Liu Ke, Yang Tao, Yu Zhuliang, Yi Weibo, Yu Hong, Wang Guoyin, Wu Wei
IEEE J Biomed Health Inform. 2024 Dec;28(12):7126-7137. doi: 10.1109/JBHI.2024.3450753. Epub 2024 Dec 5.
Transformer-based neural networks have been applied to the electroencephalography (EEG) decoding for motor imagery (MI). However, most networks focus on applying the self-attention mechanism to extract global temporal information, while the cross-frequency coupling features between different frequencies have been neglected. Additionally, effectively integrating different neural networks poses challenges for the advanced design of decoding algorithms.
This study proposes a novel end-to-end Multi-Scale Vision Transformer Neural Network (MSVTNet) for MI-EEG classification. MSVTNet first extracts local spatio-temporal features at different filtered scales through convolutional neural networks (CNNs). Then, these features are concatenated along the feature dimension to form local multi-scale spatio-temporal feature tokens. Finally, Transformers are utilized to capture cross-scale interaction information and global temporal correlations, providing more distinguishable feature embeddings for classification. Moreover, auxiliary branch loss is leveraged for intermediate supervision to ensure the effective integration of CNNs and Transformers.
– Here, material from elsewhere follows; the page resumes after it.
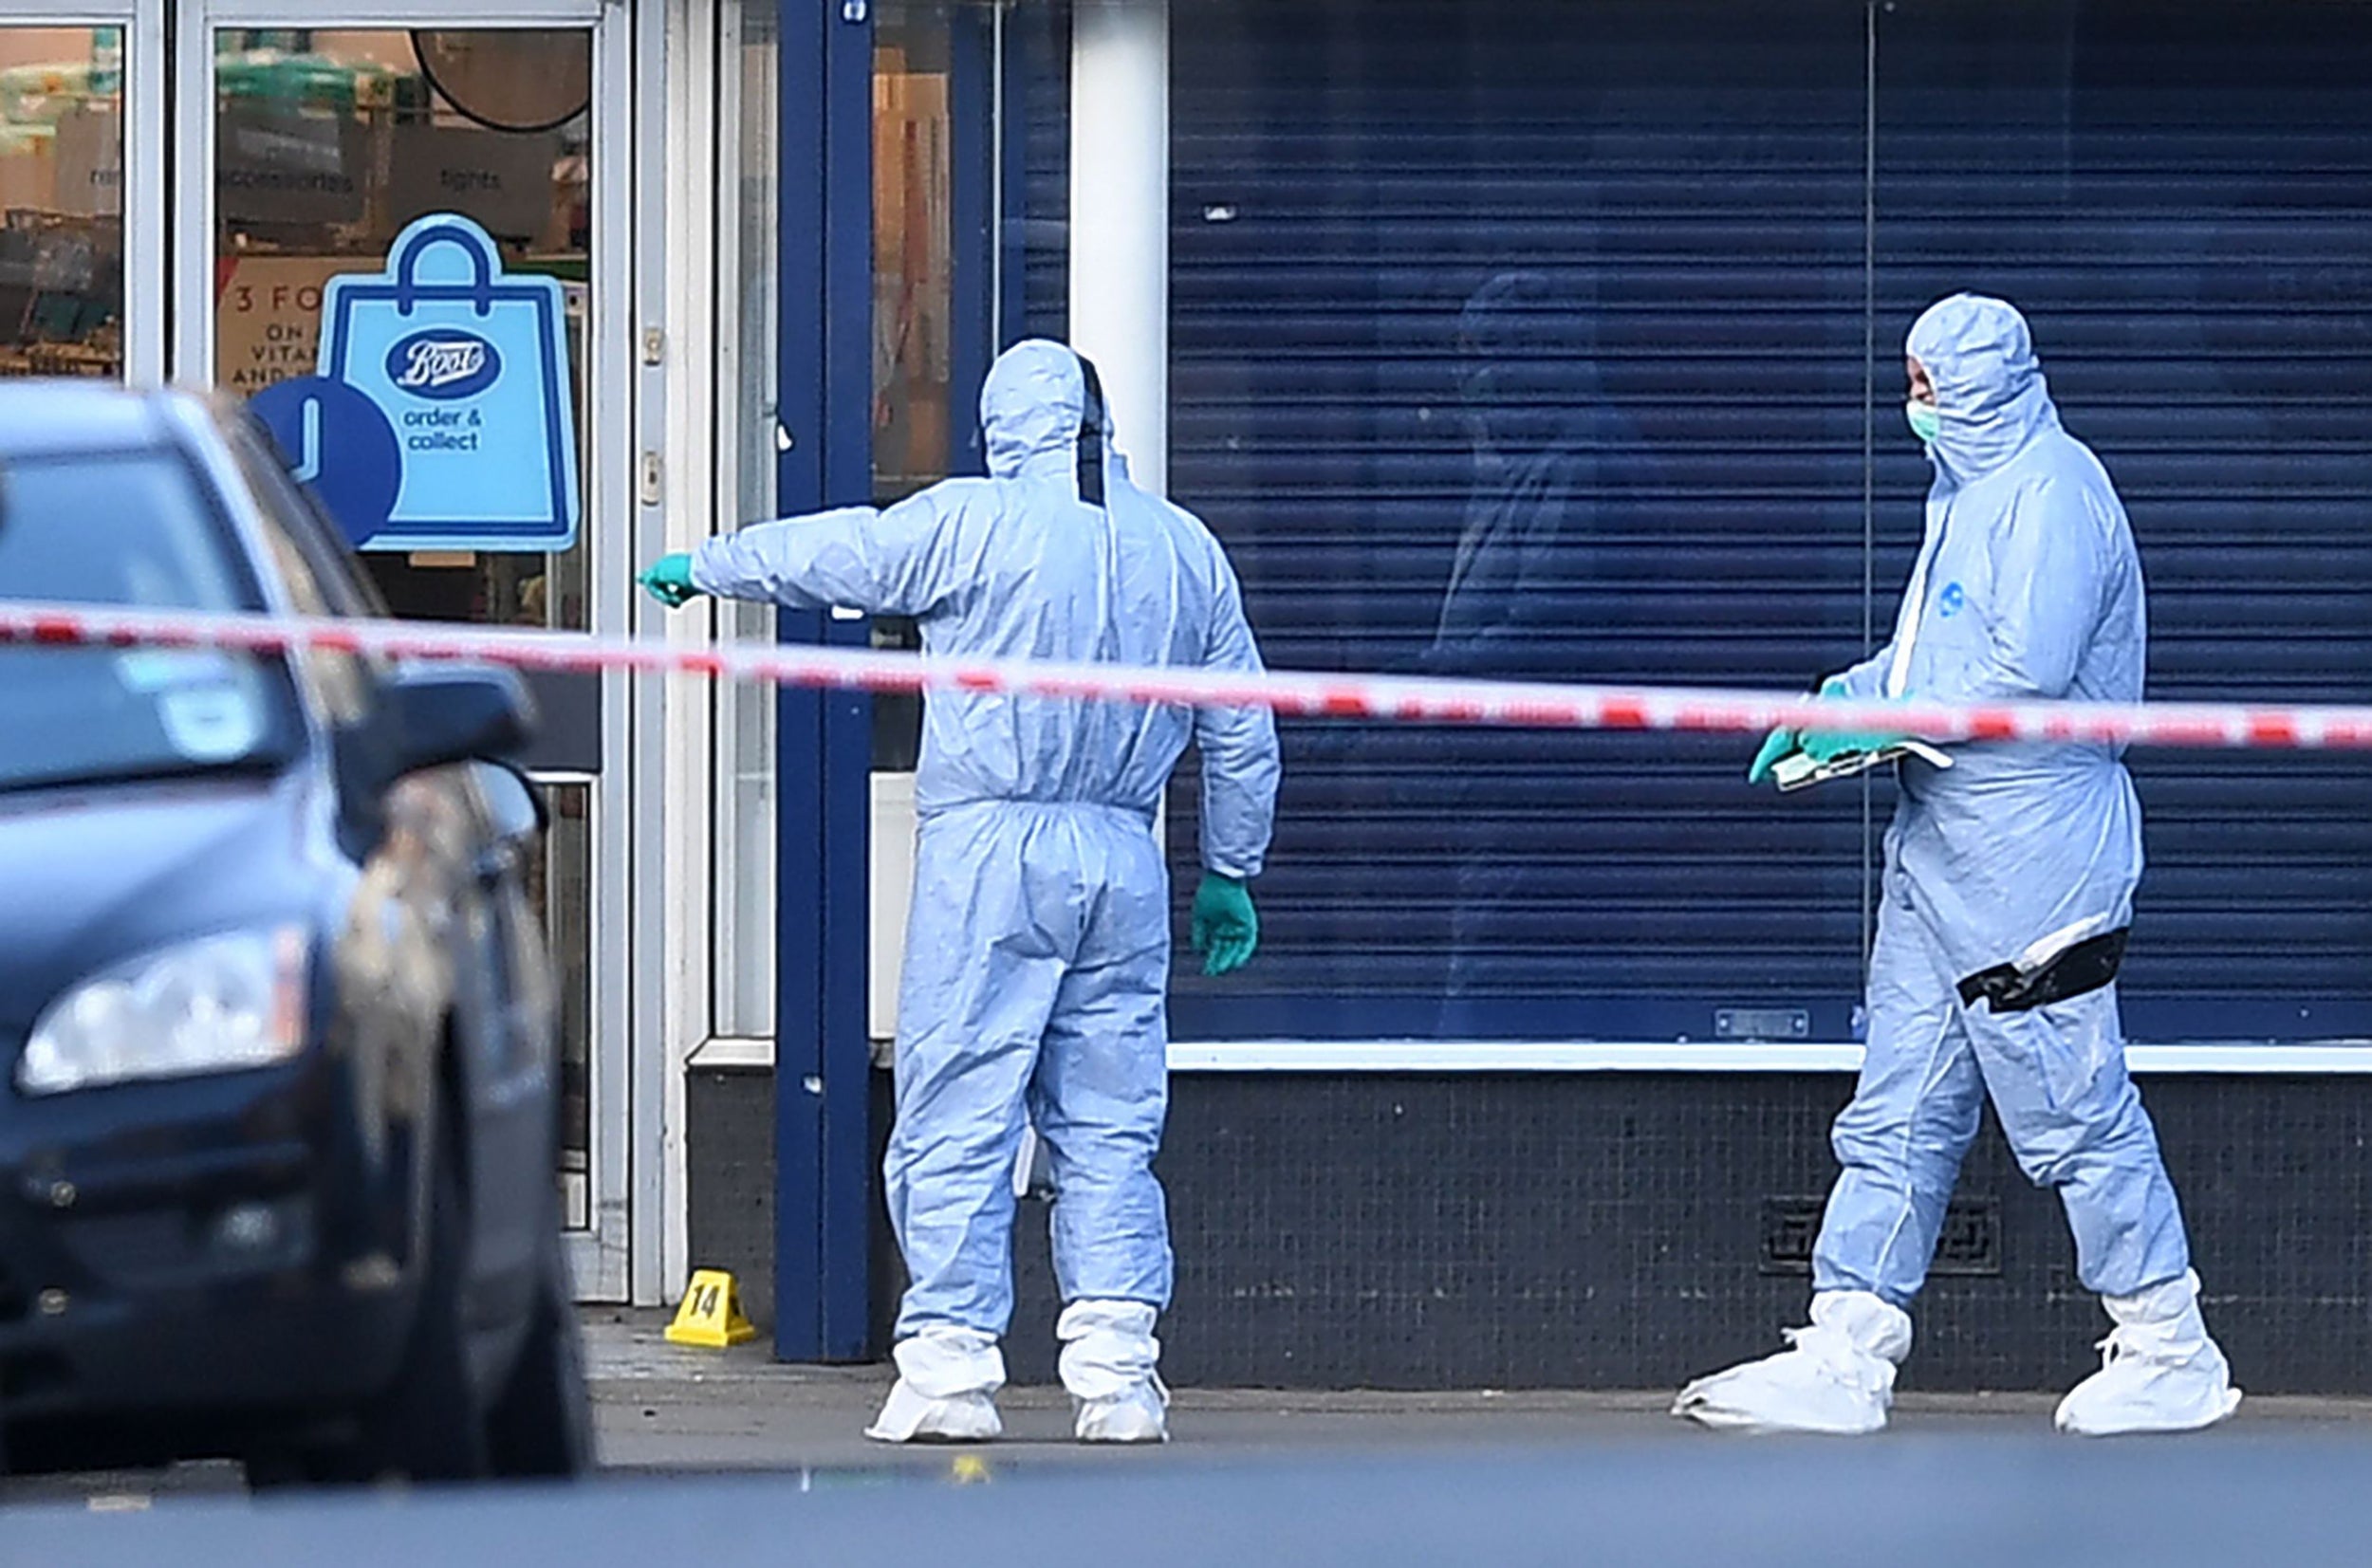 Forensic officers in Streatham earlier this week
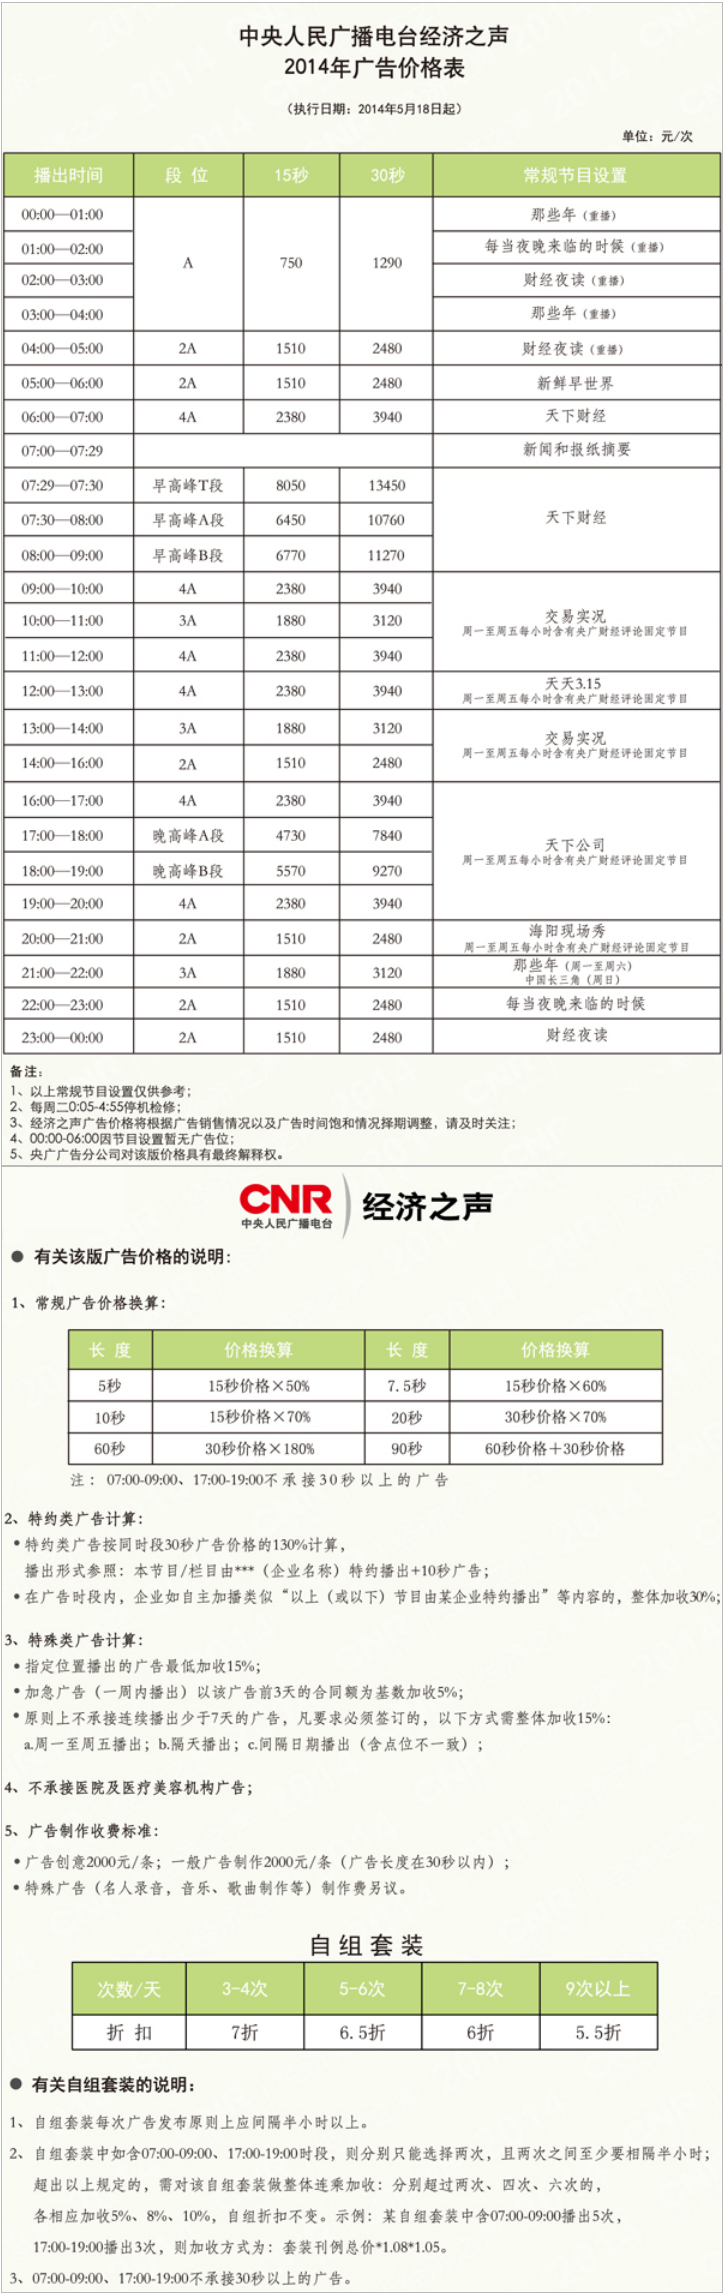 2014中央人民广播电台经济之声 北京FM96.6广告报价表.png

The performance of MSVTNet was assessed through subject-dependent (session-dependent and session-independent) and subject-independent experiments on three MI datasets, i.e., the BCI competition IV 2a, 2b and OpenBMI datasets. The experimental results demonstrate that MSVTNet achieves state-of-the-art performance in all analyses.
MSVTNet shows superiority and robustness in enhancing MI decoding performance.
基于Transformer的神经网络已应用于运动想象(MI)的脑电图(EEG)解码。然而,大多数网络专注于应用自注意力机制来提取全局时间信息,而不同频率之间的交叉频率耦合特征却被忽视了。此外,有效整合不同的神经网络对解码算法的高级设计提出了挑战。
本研究提出了一种用于MI-EEG分类的新型端到端多尺度视觉Transformer神经网络(MSVTNet)。MSVTNet首先通过卷积神经网络(CNN)在不同滤波尺度上提取局部时空特征。然后,这些特征沿特征维度连接,形成局部多尺度时空特征令牌。最后,利用Transformer来捕获跨尺度交互信息和全局时间相关性,为分类提供更具区分性的特征嵌入。此外,利用辅助分支损失进行中间监督,以确保CNN和Transformer的有效整合。
通过在三个MI数据集(即BCI竞赛IV 2a、2b和OpenBMI数据集)上进行的依赖受试者(依赖会话和独立于会话)和独立于受试者的实验,评估了MSVTNet的性能。实验结果表明,MSVTNet在所有分析中均实现了最优性能。
MSVTNet在提高MI解码性能方面表现出优越性和鲁棒性。